Contractures: Scar tissue may form immediately after a fire accident; the joints can no longer perform properly due to contracting skins. To prevent contractures of shortened muscles, which can lead to deformities, patients should perform an excruciating exercise treatment which involves physical exercises on the affected joints. When done repeatedly, more serious complications can be prevented. However, if contractures do occur, they should be removed surgically.

Inability to sweat: On second and third-degree burns, sweat glands are destroyed or badly damaged.
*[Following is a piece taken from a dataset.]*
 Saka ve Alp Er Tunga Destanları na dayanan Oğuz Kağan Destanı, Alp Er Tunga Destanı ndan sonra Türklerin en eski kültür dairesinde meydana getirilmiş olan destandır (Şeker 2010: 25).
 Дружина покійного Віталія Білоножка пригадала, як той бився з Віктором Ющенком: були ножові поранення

Unfortunately, unlike outer skin and tissue, we can’t regenerate sweat glands. Sweating is needed to regulate body temperature, which may cause patients to feel discomfort in humid, cold and hot environments. Sweating problem can also make physical exercises more difficult to do.
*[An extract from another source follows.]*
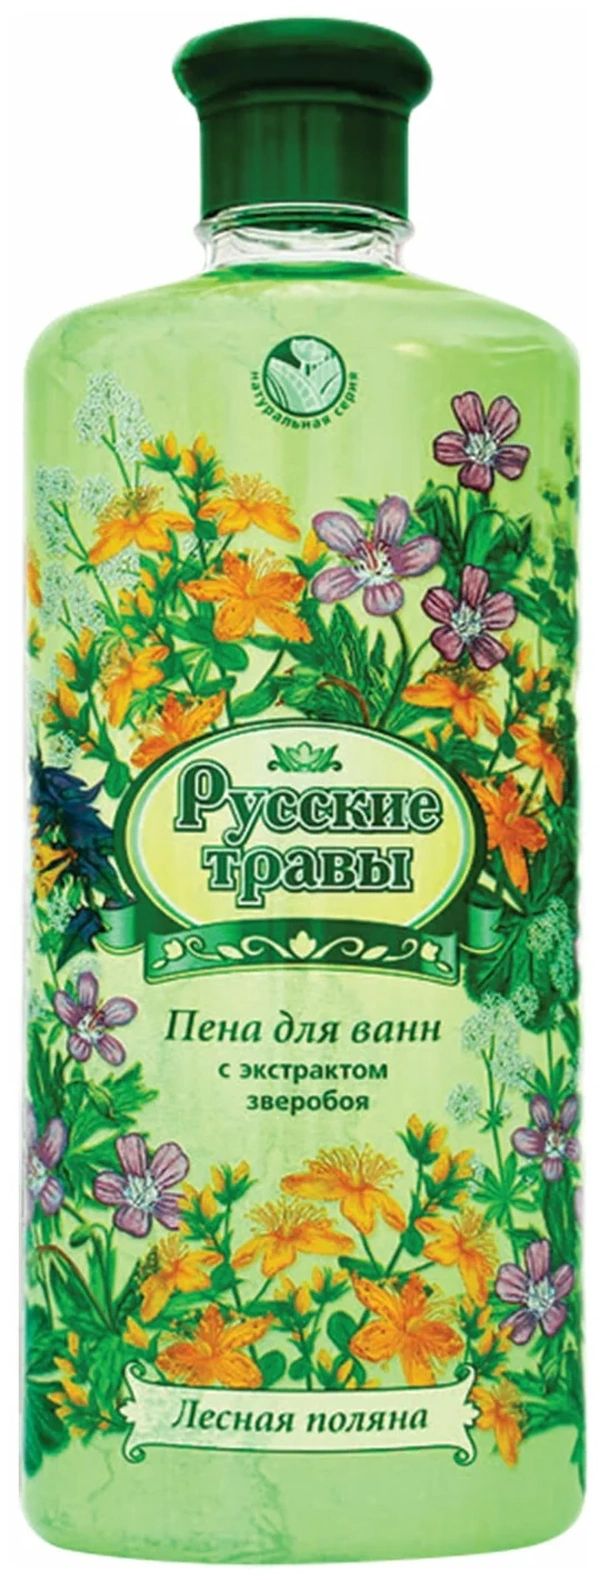 Пена для ванн Русские травы Лесная поляна 500 мл русские травы пена для ванн лесная поляна 500 0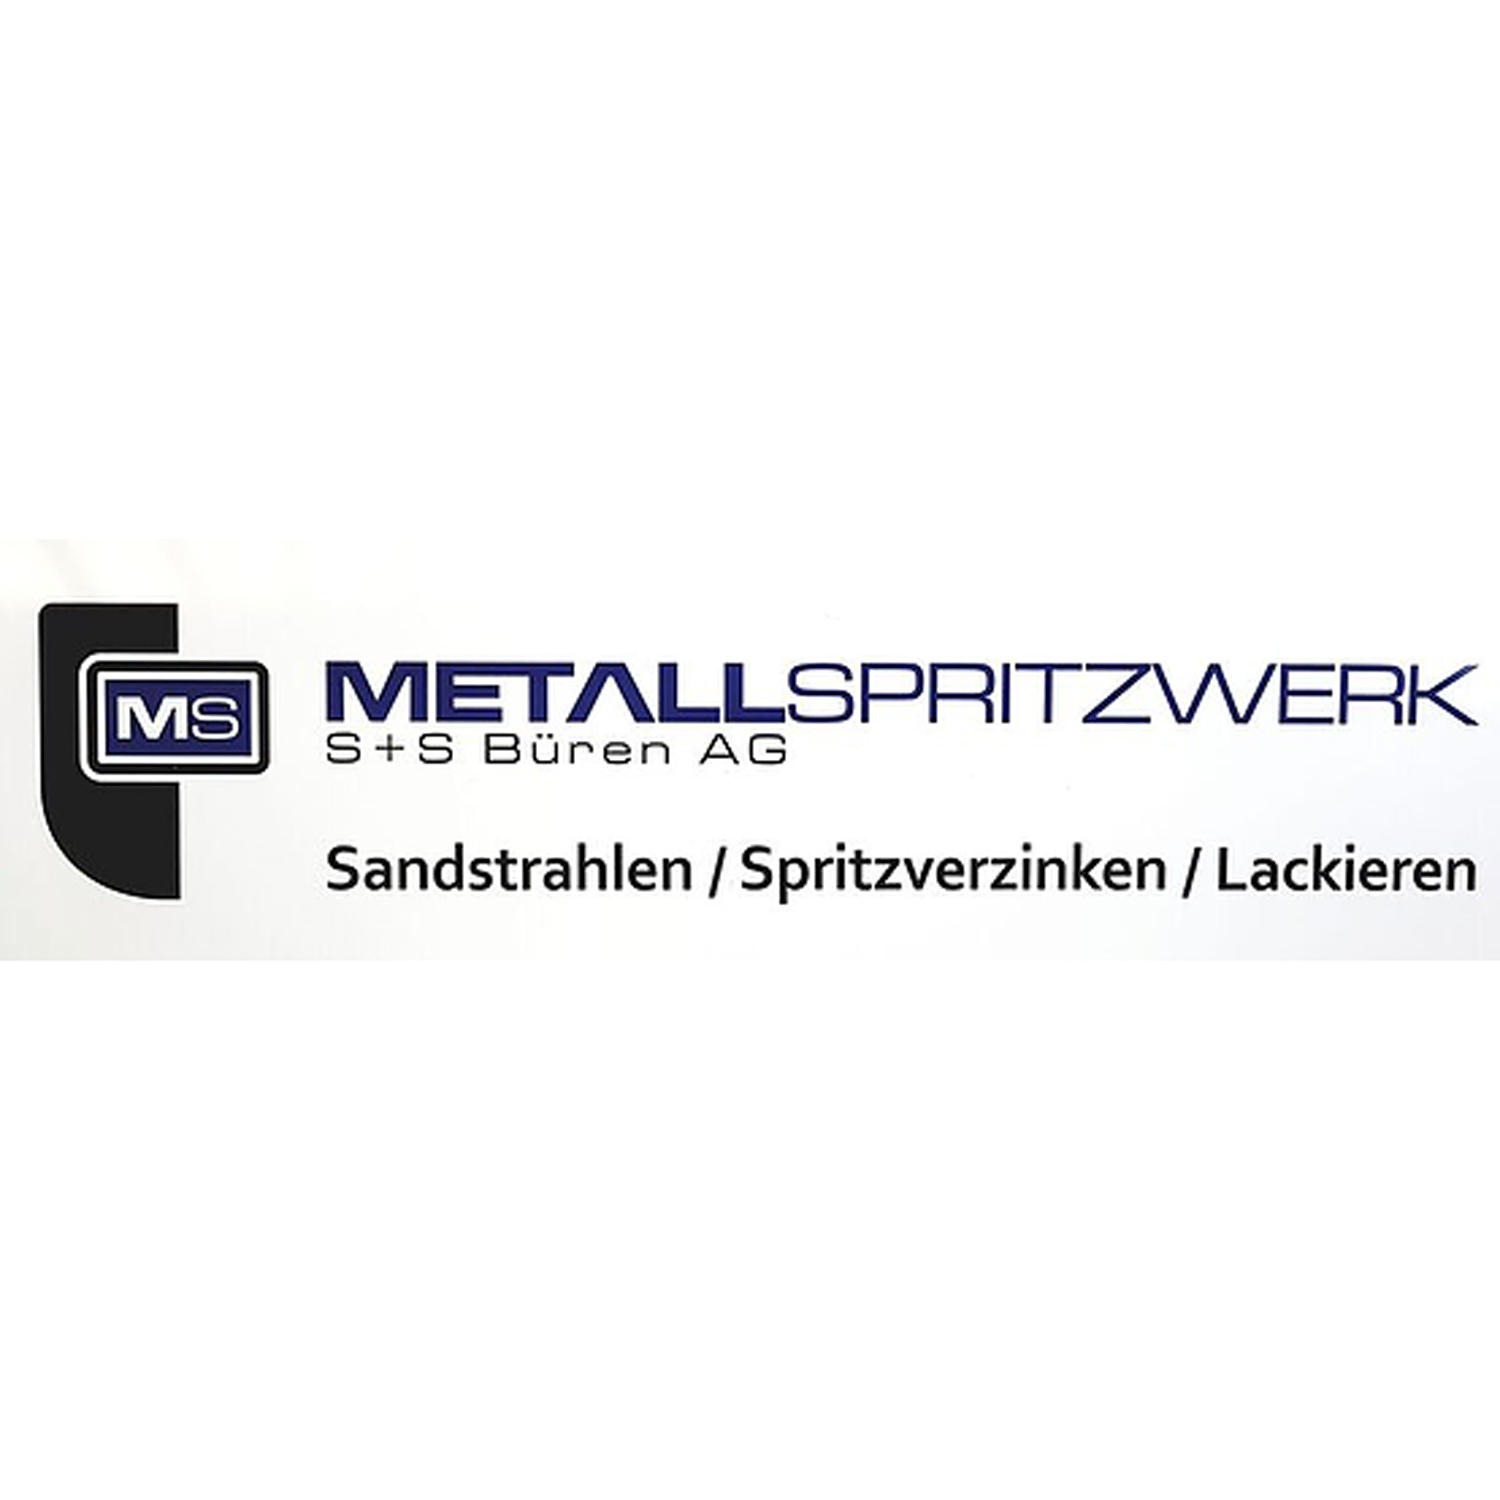 Metallspritzwerk S+S Büren AG Logo

Skin problems: Due to the absence of sweat- and oil-producing glands after a burn injury, the skin can be very dry. Additionally skin that covers old burn wounds tends to be more vulnerable and weaker than normal skins. Without adequate precautions, injuries and infection can happen more easily on scarred areas.

Effects of Burn Injuries on Emotional Health

Severe burn injuries may happen in a transportation accident, chemical explosions or burned buildings. Among the resulting mental problems is PTSD or post-traumatic stress disorder, a severe anxiety syndrome that is characterized by constant re-experience of the traumatic event. People with this problem may heal very slowly, both emotionally and physically. PTSD may happen immediately after the incident or months later. These are symptoms of PTSD related to burn injuries:

Obsessively recalling the incident repeatedly, so much that it intrudes family members and others.

Fearful of fire.

Experiencing nightmares about the incident.

Feeling incapacitated emotionally.

Being easily startled, overly alert and hyper-aroused.

Experiencing regular flashbacks.

A victim of burn injury is considered to have chronic PTSD symptoms if the above symptoms last longer than 3 months. One of the unfortunate results of anxiety disorders is reduced quality of life. Additionally experts linked PTSD symptoms to worsening health conditions, which can make them more vulnerable to issues unrelated to burn pains. These are long-term physical effects of PTSD:

Discomforts with no medical basis.

Fibromyalgia or chronic fatigue syndrome.

Constipation, diarrhea, irritable bowel syndrome, stomach pain and other digestive problems.

Asthma and breathing problems.

Low back pain and muscle cramps.


Sleep disorders.

Cardiovascular problems.

You should seek professional helps from those who are trained to treat your syndrome. For example, PTSD is more commonly associated with war veterans instead of burn victims, VA has a specialized program to assist former soldiers with this emotional disorder. Just like veterans, burn victims can also benefit from an “exposure therapy”. In this therapy, you’re asked to tell about the traumatic event to other participants. A counselor is present to control your fears and wild thoughts while you’re re-experiencing the event. This therapy is usually accompanied with prescribed medications, such as painkillers and antidepressants.

Seeking Help

There are a number of groups that can help burn victims and their loved ones. They can also patients with post-traumatic emotional disorders:

ABA (American Burn Association): It has a goal to improve quality of care for burn patients. Their therapy includes treating physical burn injuries, training for fire accident prevention, scientific publications and annual meetings.

Burn Recover Center: It has more than 100 burn recovery hospitals around United States, which mean that you can get a specialized treatment for your burn injuries than on a general hospital.

Phoenix Society for Burn Survivors: The name is inspired from a mythical bird, which is consumed by flame but rises again from its ashes, renewed and flies with a full vigor. The organization has advocacy, education and peer support for burn survivors.

ADAA (Anxiety Disorders Association of America): This organization focuses itself to prevent and treat anxiety disorders.